I have the following model m_plot
fitted with lme4::lmer
with crossed random effects for participants (lfdn
) and items (content
):
Random effects:
Groups Name Variance Std.Dev. Corr
lfdn (Intercept) 172.173 13.121
role1 62.351 7.896 0.03
inference1 24.640 4.964 0.08 -0.30
inference2 52.366 7.236 -0.05 0.17 -0.83
inference3 21.295 4.615 -0.03 0.22 0.86 -0.77
content (Intercept) 23.872 4.886
role1 2.497 1.580 -1.00
inference1 18.929 4.351 0.52 -0.52
inference2 14.716 3.836 -0.16 0.16 -0.08
inference3 17.782 4.217 -0.17 0.17 0.25 -0.79
role1:inference1 9.041 3.007 0.10 -0.10 -0.10 -0.21 0.16
role1:inference2 5.968 2.443 -0.60 0.60 -0.11 0.78 -0.48 -0.50
role1:inference3 4.420 2.102 0.30 -0.30 0.05 -0.97 0.71 0.37 -0.90
Residual 553.987 23.537
Number of obs: 3480, groups: lfdn, 435 content, 20
I want to know the Intraclass Correlation Coefficients (ICC) for participants and items.
Thanks to this great answer I in principle know how to get the ICC for my model.

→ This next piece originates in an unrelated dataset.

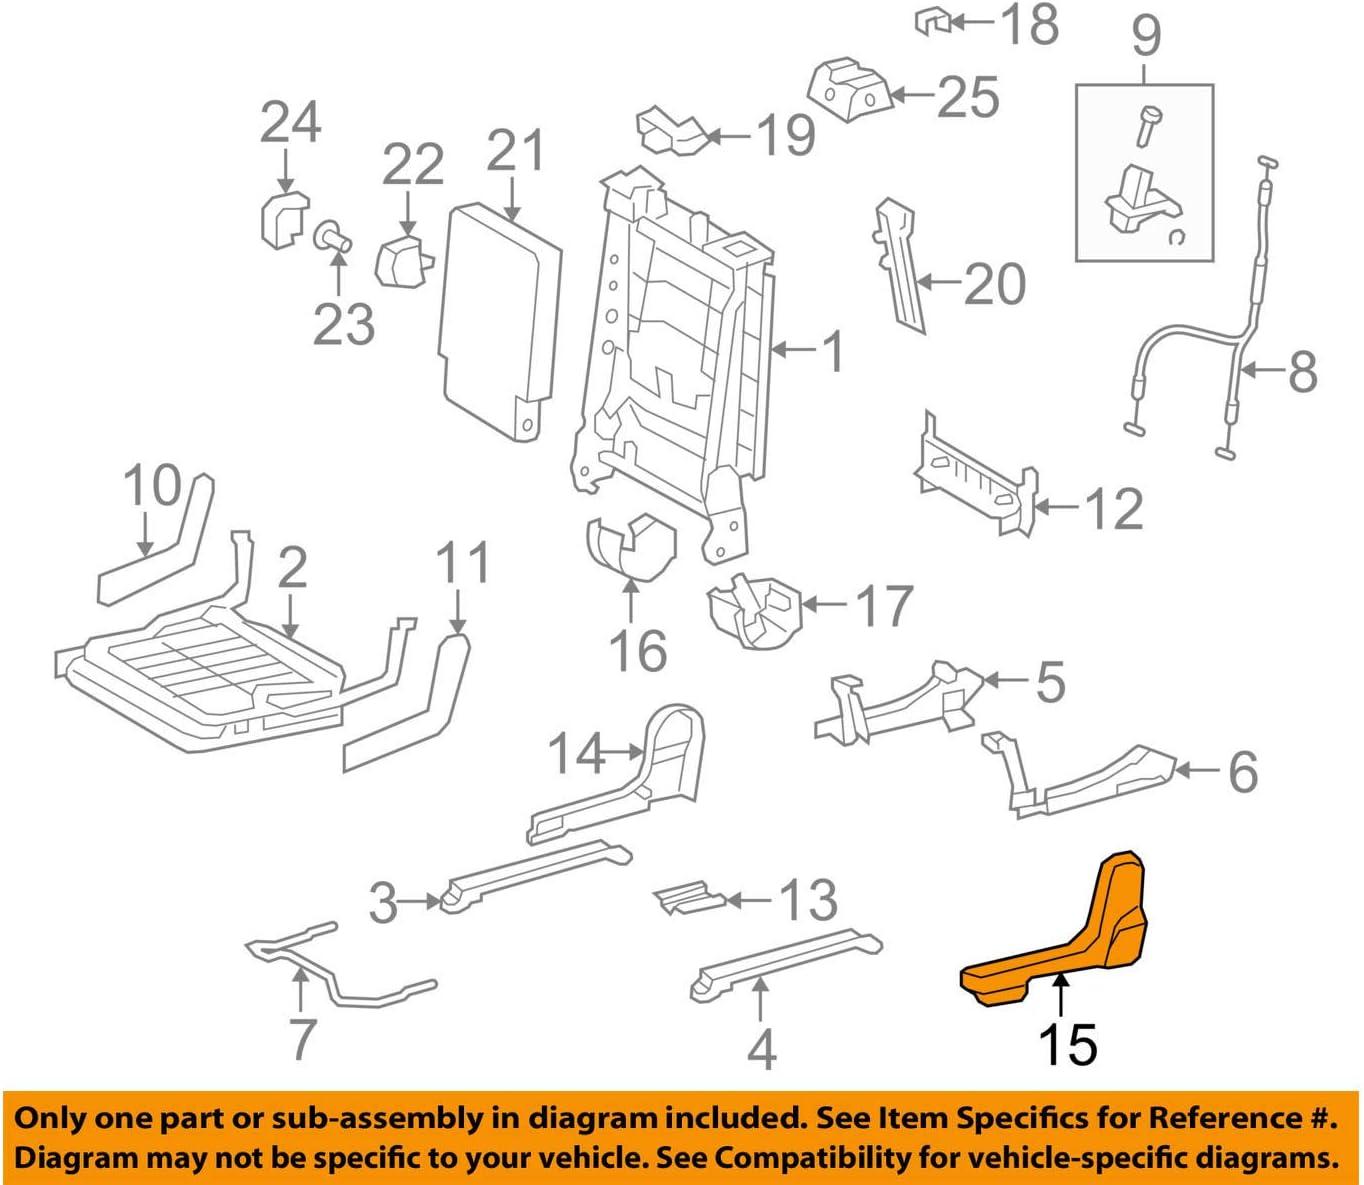 TOYOTA 71396-0C010-B0 Seat Hinge Cover

However, I am unsure on whether or not to include the random slopes or not:
vars <- lapply(summary(m_plot)$varcor, diag)
resid_var <- attr(summary(m_plot)$varcor, "sc")^2
total_var <- sum(sapply(vars, sum), resid_var)
# with random slopes
sapply(vars, sum)/total_var
## lfdn content
## 0.33822396 0.09880349
# only random intercepts:
sapply(vars, function(x) x[1]) / total_var
## lfdn.(Intercept) content.(Intercept)
## 0.17496587 0.02425948
What is the appropriate measure for the correlation between two responses from the same participant respective to the same item?
Best Answer
Basically there's no single number or estimate that can summarize the degree of clustering in a random slopes model.
The intra-class correlation (ICC) can only be written as a simple proportion of variances in random-intercepts-only models. To see why, a sketch of the derivation of the ICC expression can be found here.
When you throw random slopes into the model equation, following the same steps leads instead to the ICC expression on page 5 of this paper. As you can see, that complicated expression is a function of the predictor X. To see more intuitively why var(Y) depends on X when there are random slopes, check out page 30 of these slides ("Why does the variance depend on x?").
Because the ICC is a function of the predictors (the x-values), it can only be computed for particular sets of x-values. You could perhaps try something like reporting the ICC at the joint average of the x-values, but this estimate will be demonstrably inaccurate for the majority of the observations.
Everything I've said still only refers to cases where there is a single random factor. With multiple random factors it becomes even more complicated. For example, in a multi-site project where participants at each site respond to a sample of stimuli (i.e., 3 random factors: site, participant, stimulus), we could ask about many different ICCs: What is the expected correlation between two responses at the same site, to the same stimulus, from different participants? How about at different sites, the same stimulus, and different participants? And so on. @rvl mentions these complications in the answer that the OP linked to.
So as you can see, the only case where we can summarize the degree of clustering with a single value is the single-random-factor random-intercept-only case. Because this is such a small proportion of real-world cases, ICCs are not that useful most of the time. So my general recommendation is to not even worry about them. Instead I recommend just reporting the variance components (preferably in standard deviation form).